Exercise directions: Print the line containing "Pro-Line Racing PRO10164-00" and each line after it through the end of the material below, exactly as it appears, but skip the pictures.

Data:
+===+
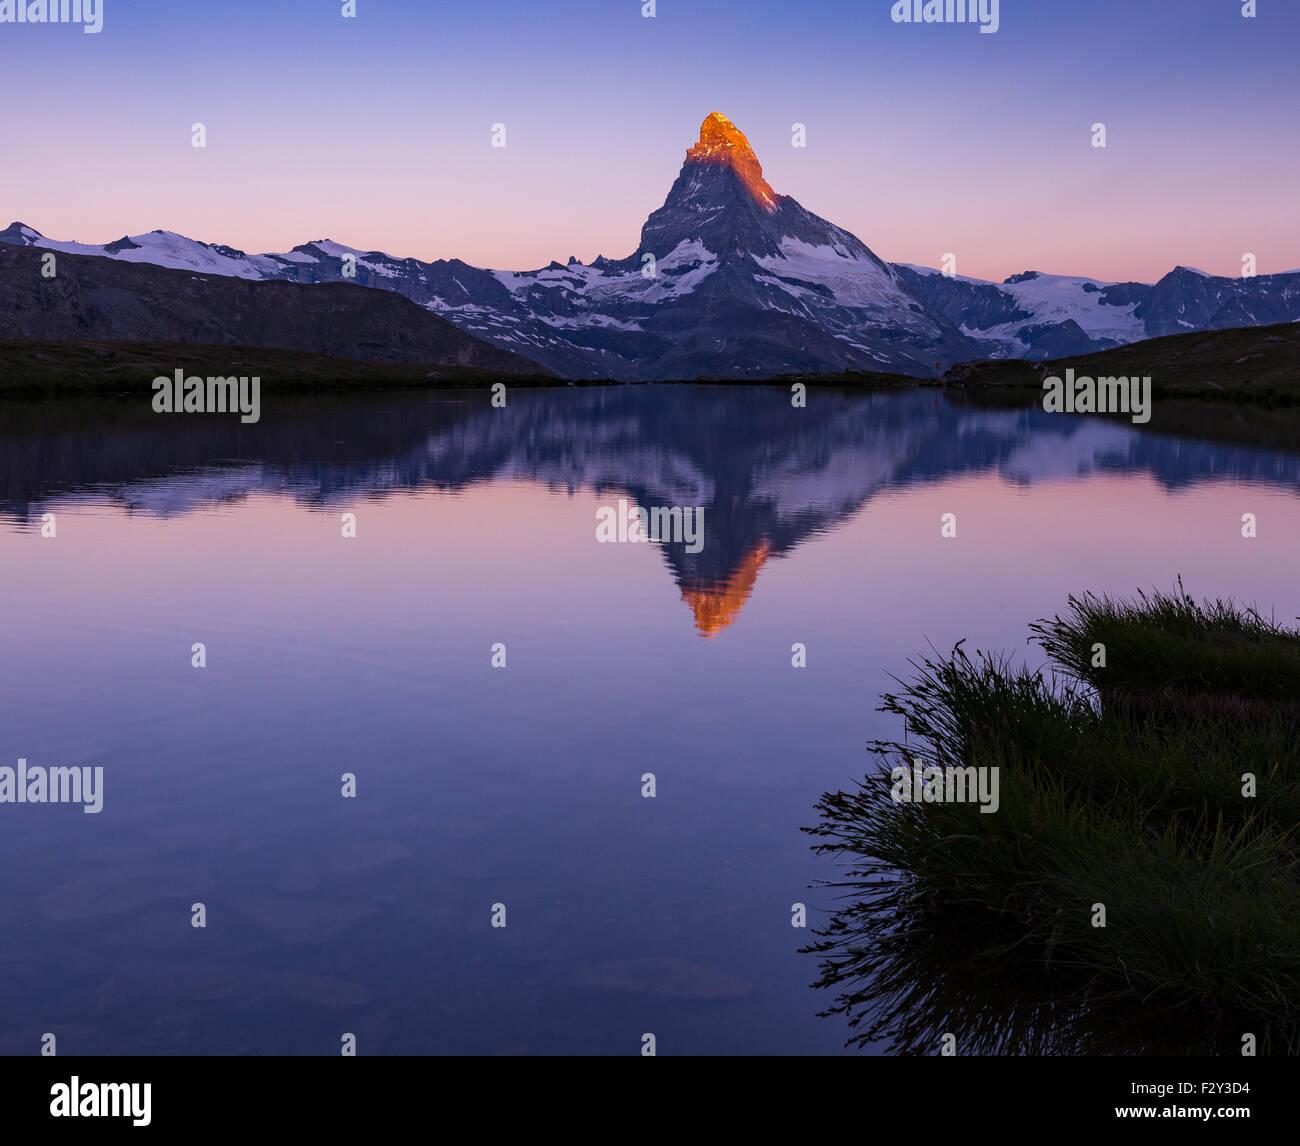 Sonnenaufgang am Mt.Matterhorn (Cervino).  Lake Stellisee, Zermatt, Schweiz Stockbild
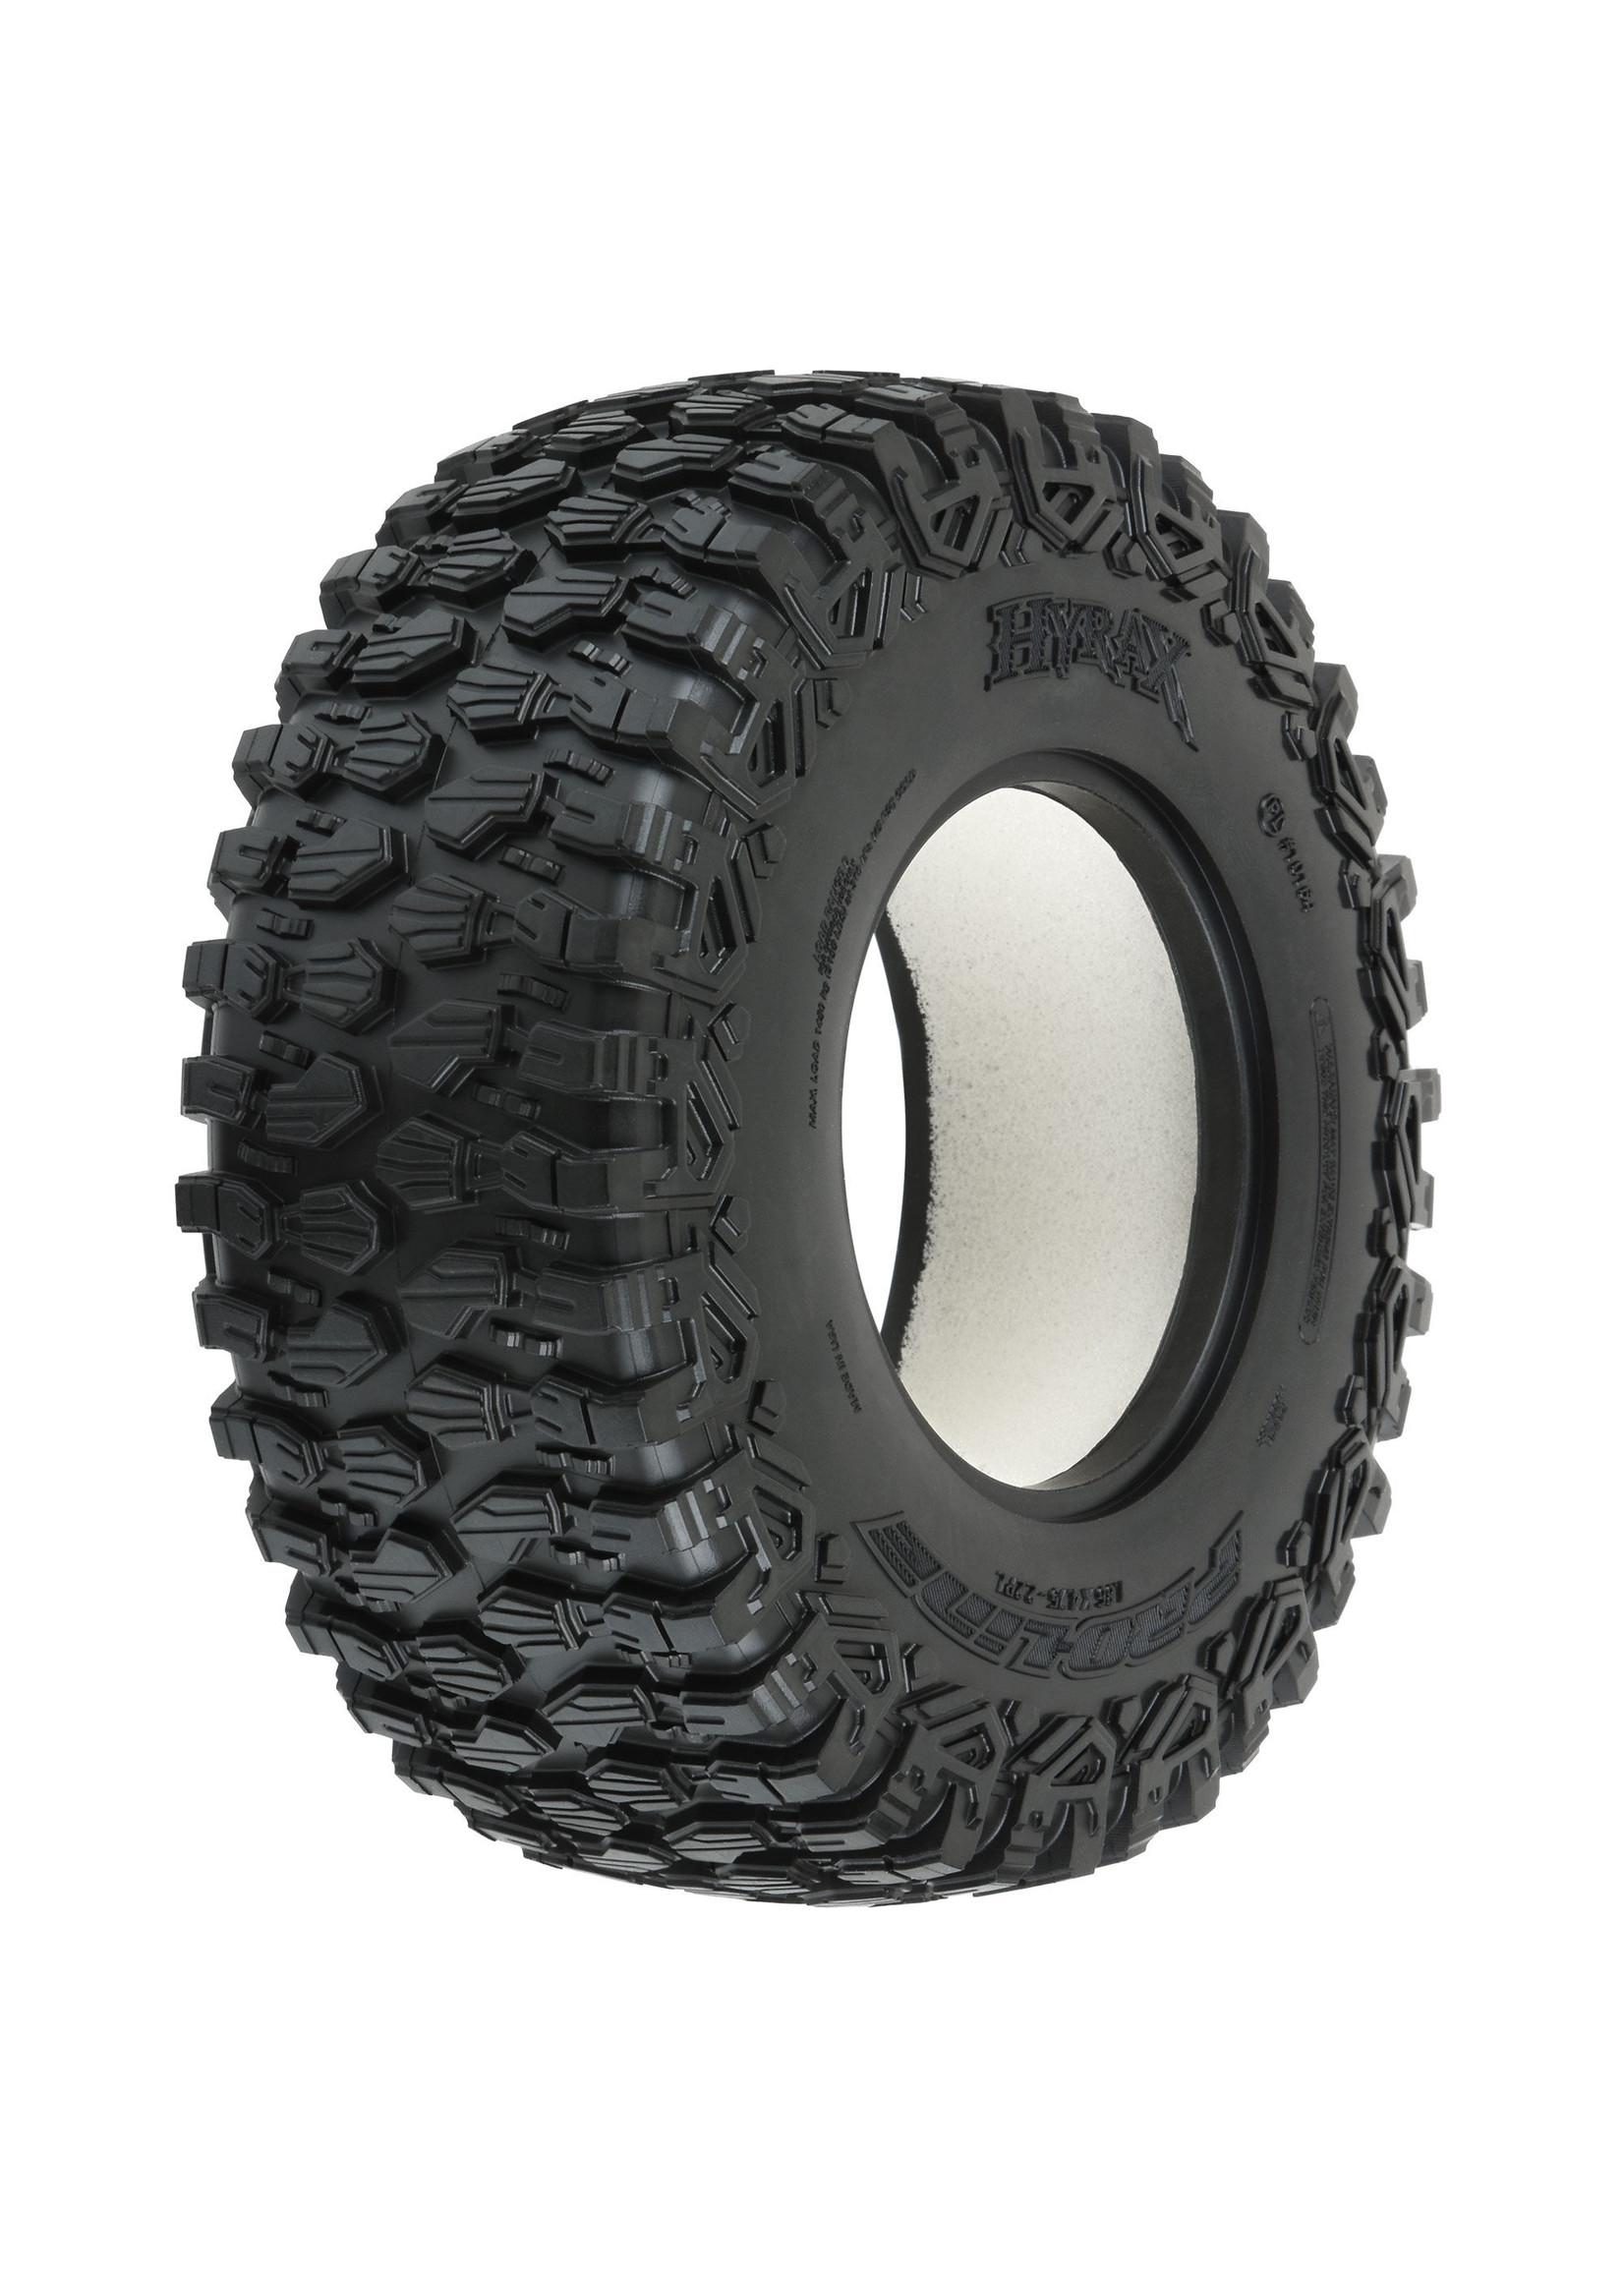 Pro-Line Racing PRO10164-00 Pro-Line Hyrax SCXL 2.2/3.0'' M2 All Terrain Tires, for Desert & SC
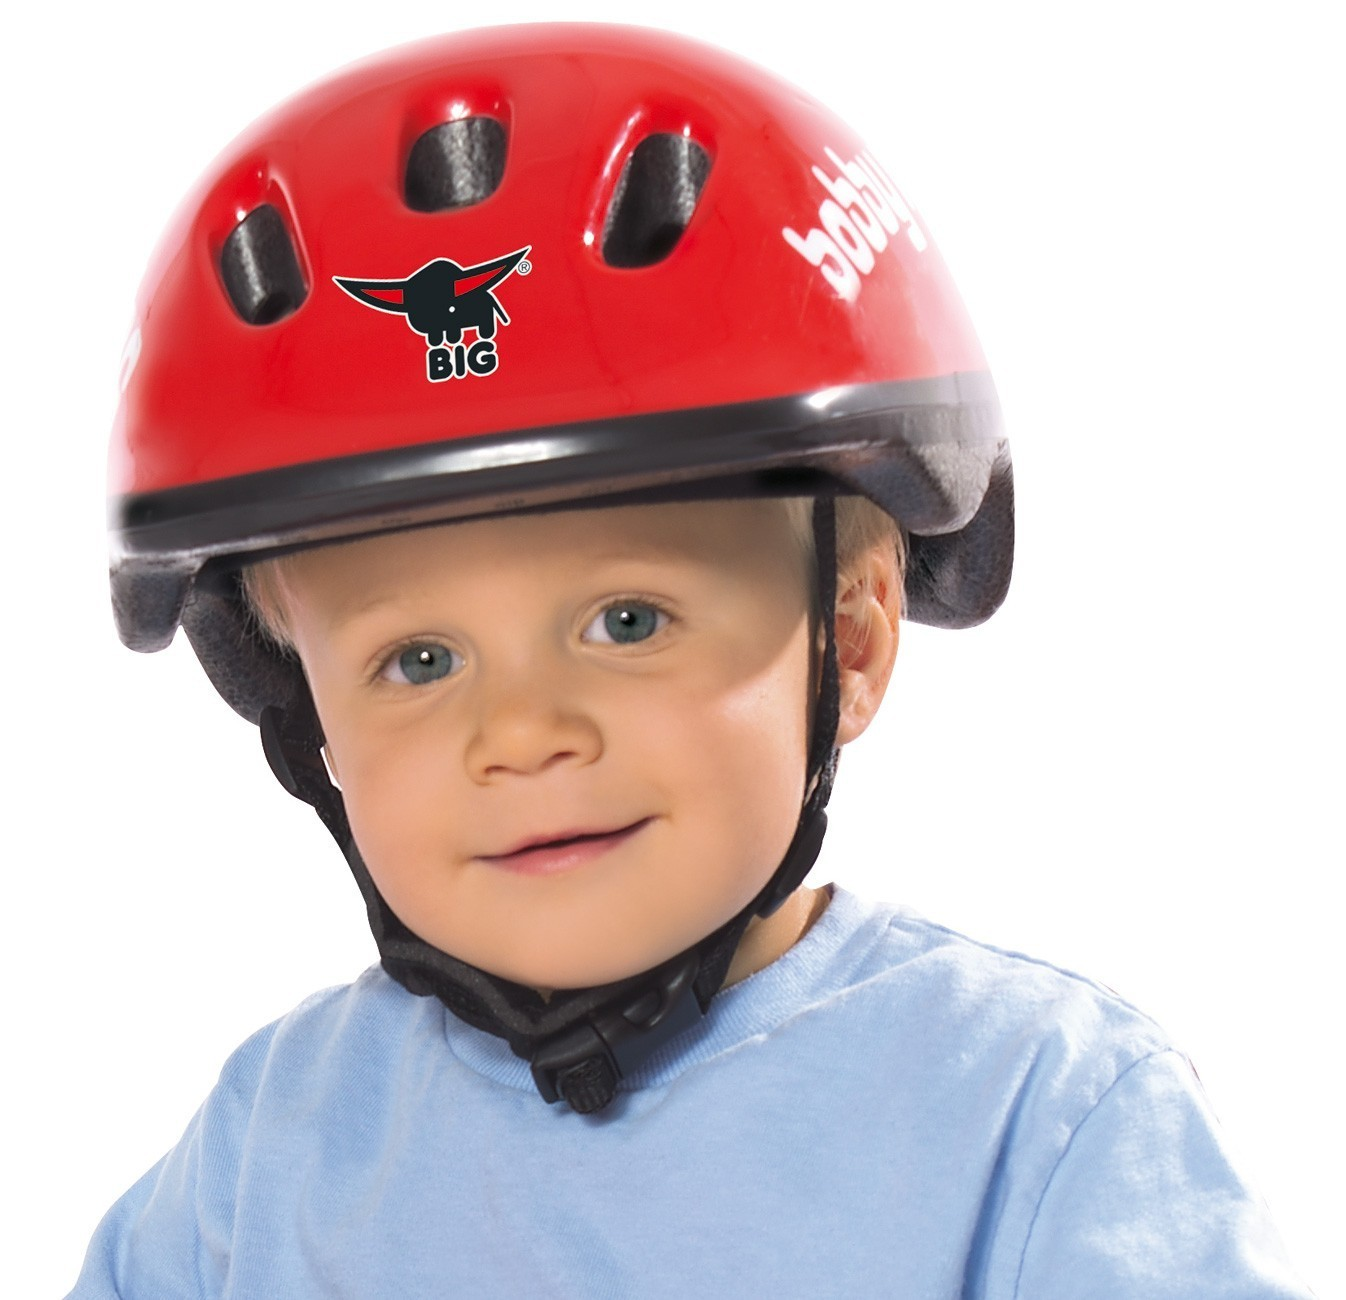 BIG Bobby Racing Helmet / Fahrradhelm Bild 2
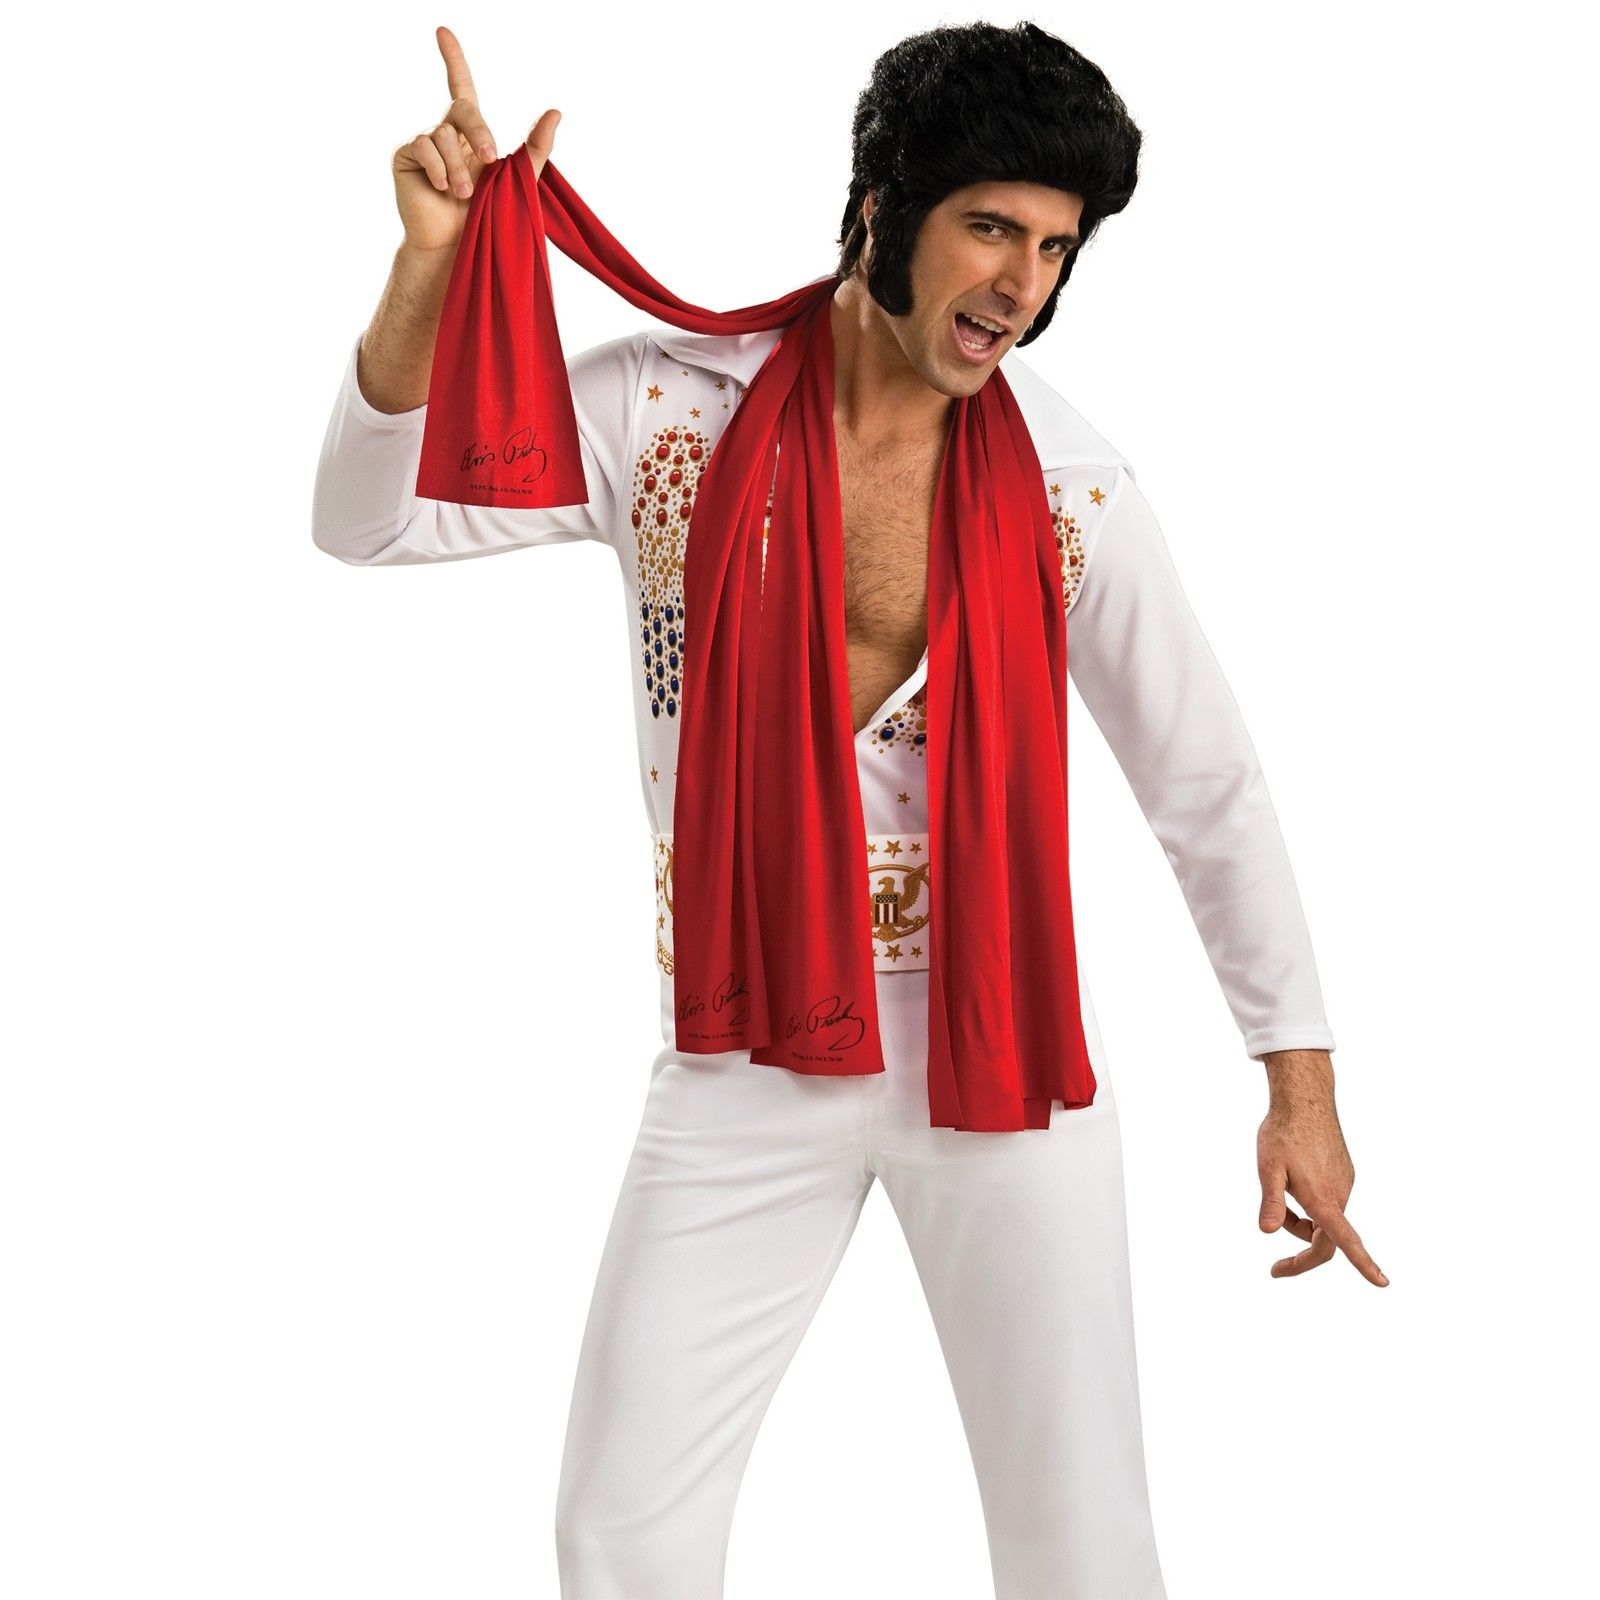 Elvis Presley Scarves Costume Accessories (3 Pieces
+===+
Response below:
 Pro-Line Racing PRO10164-00 Pro-Line Hyrax SCXL 2.2/3.0'' M2 All Terrain Tires, for Desert & SC
 BIG Bobby Racing Helmet / Fahrradhelm Bild 2
 Elvis Presley Scarves Costume Accessories (3 Pieces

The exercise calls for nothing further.